I picked up “American Insurgents, American Patriots” for two main reasons. One is that two of my direct ancestors fought in the American Revolution as citizen soldiers in the New York Militia, and I wanted to better understand their motivations and their experiences. The second reason is that I'm an Occupier, and reading about an earlier generation of American revolutionaries and patriots is inspiring to me.
A couple of things strike me about this book. One is that the ground-level radicals and patriots who made the American Revolution happen had a far more radical conception of direct action than any Occupier. In 1774, two years before the War of Independence officially began, insurgents in New England used a campaign of mob violence and intimidation to drive every official loyal to the British government out of the countryside, leaving the British and loyalists isolated in the cities where they had soldiers to protect them. If the “Sons of Liberty” of 1774 could comment on today's events, they'd be amazed at how peaceful the Occupy movement has been.

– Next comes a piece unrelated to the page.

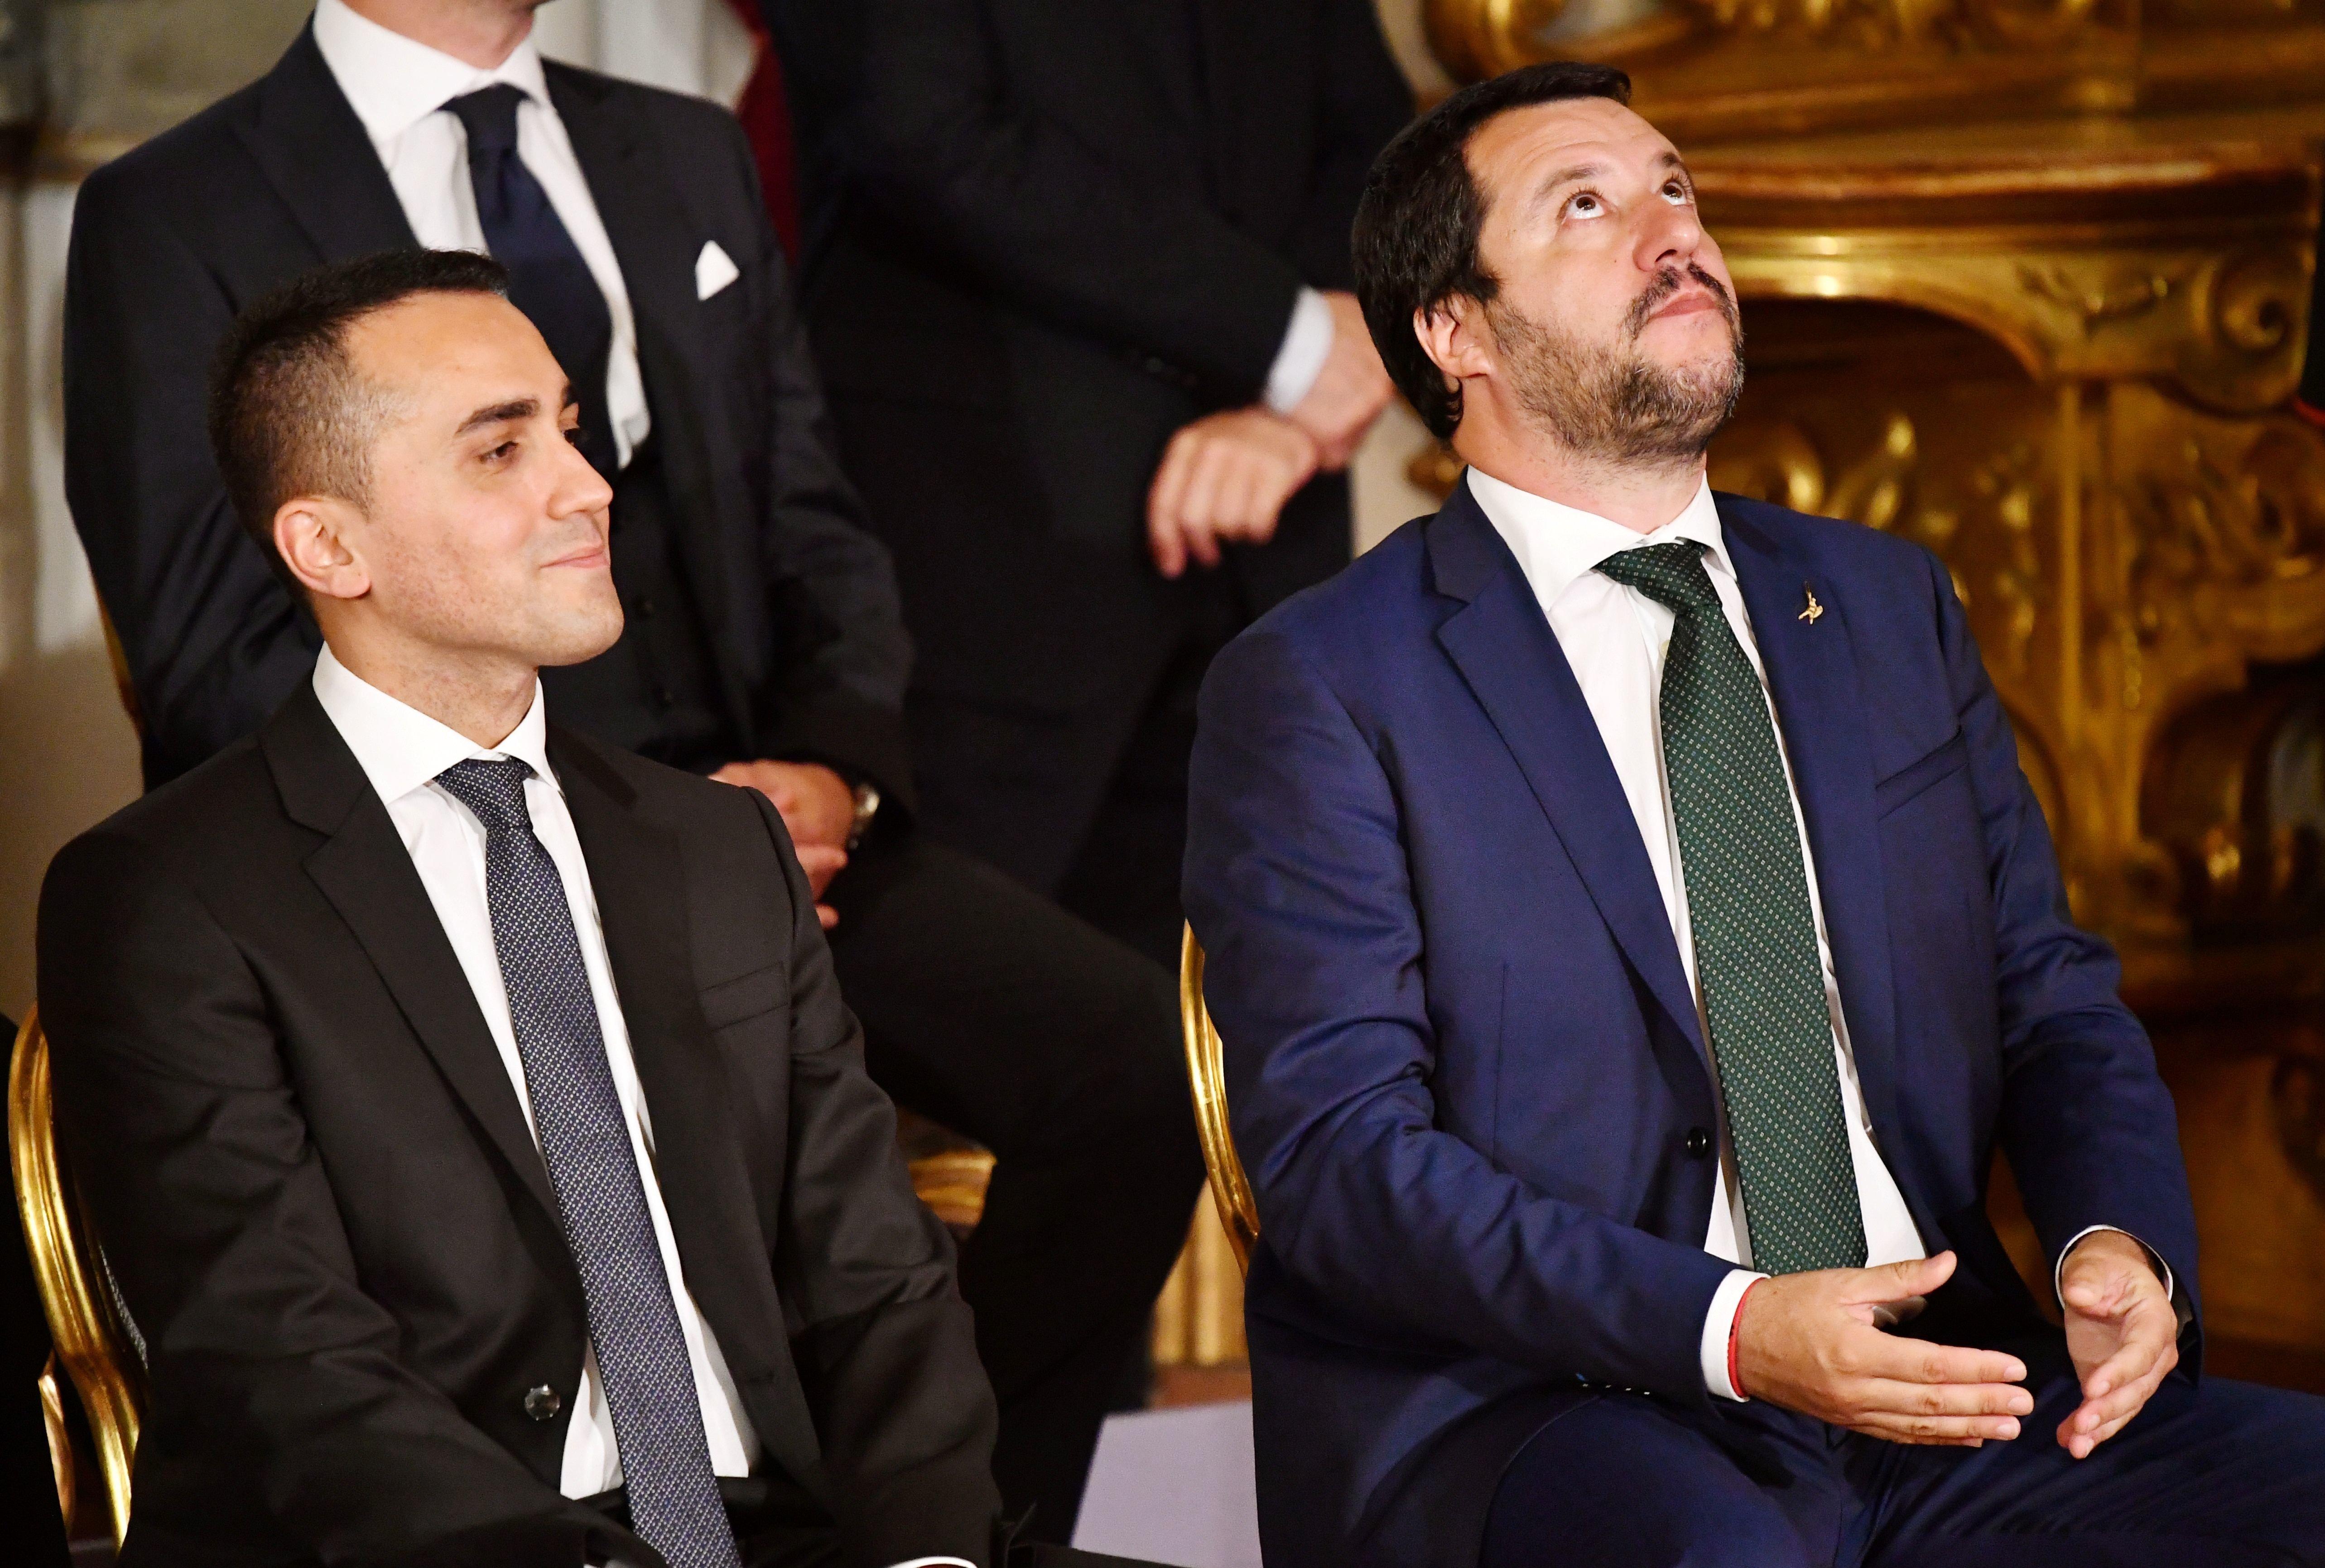 Ενδοκυβερνητική κόντρα στην Ιταλία με βαριές κατηγορίες από το Κίνημα Πέντε Αστέρων κατά της

The next thing that occurs to me is that the United States government of 2012 has vastly more coercive power than the British Empire of 1774 ever had. The British Empire didn't have anything like the surveillance capability of the US government, it didn't have anything like the modern prison system, and its army had nothing like the disparity in technology that now exists between the US Army and the American public. In 1774, ordinary people could and did offer real resistance to their government in a way that would no longer be possible.
The final thing that occurs to me is that the typical American rebel of 1774 and onward was a mix of beliefs and motivations that have since become separated into distinct factions. The first American revolutionaries were motivated by fierce egalitarianism, a firm and passionate belief in individual rights and liberties, evangelical Protestantism, and a belief in the sanctity of private property. I would say that the activists of the Occupy movement represent the egalitarian and rights-based aspects, while the Tea Party represents the evangelical Protestant and private property aspects of the American tradition.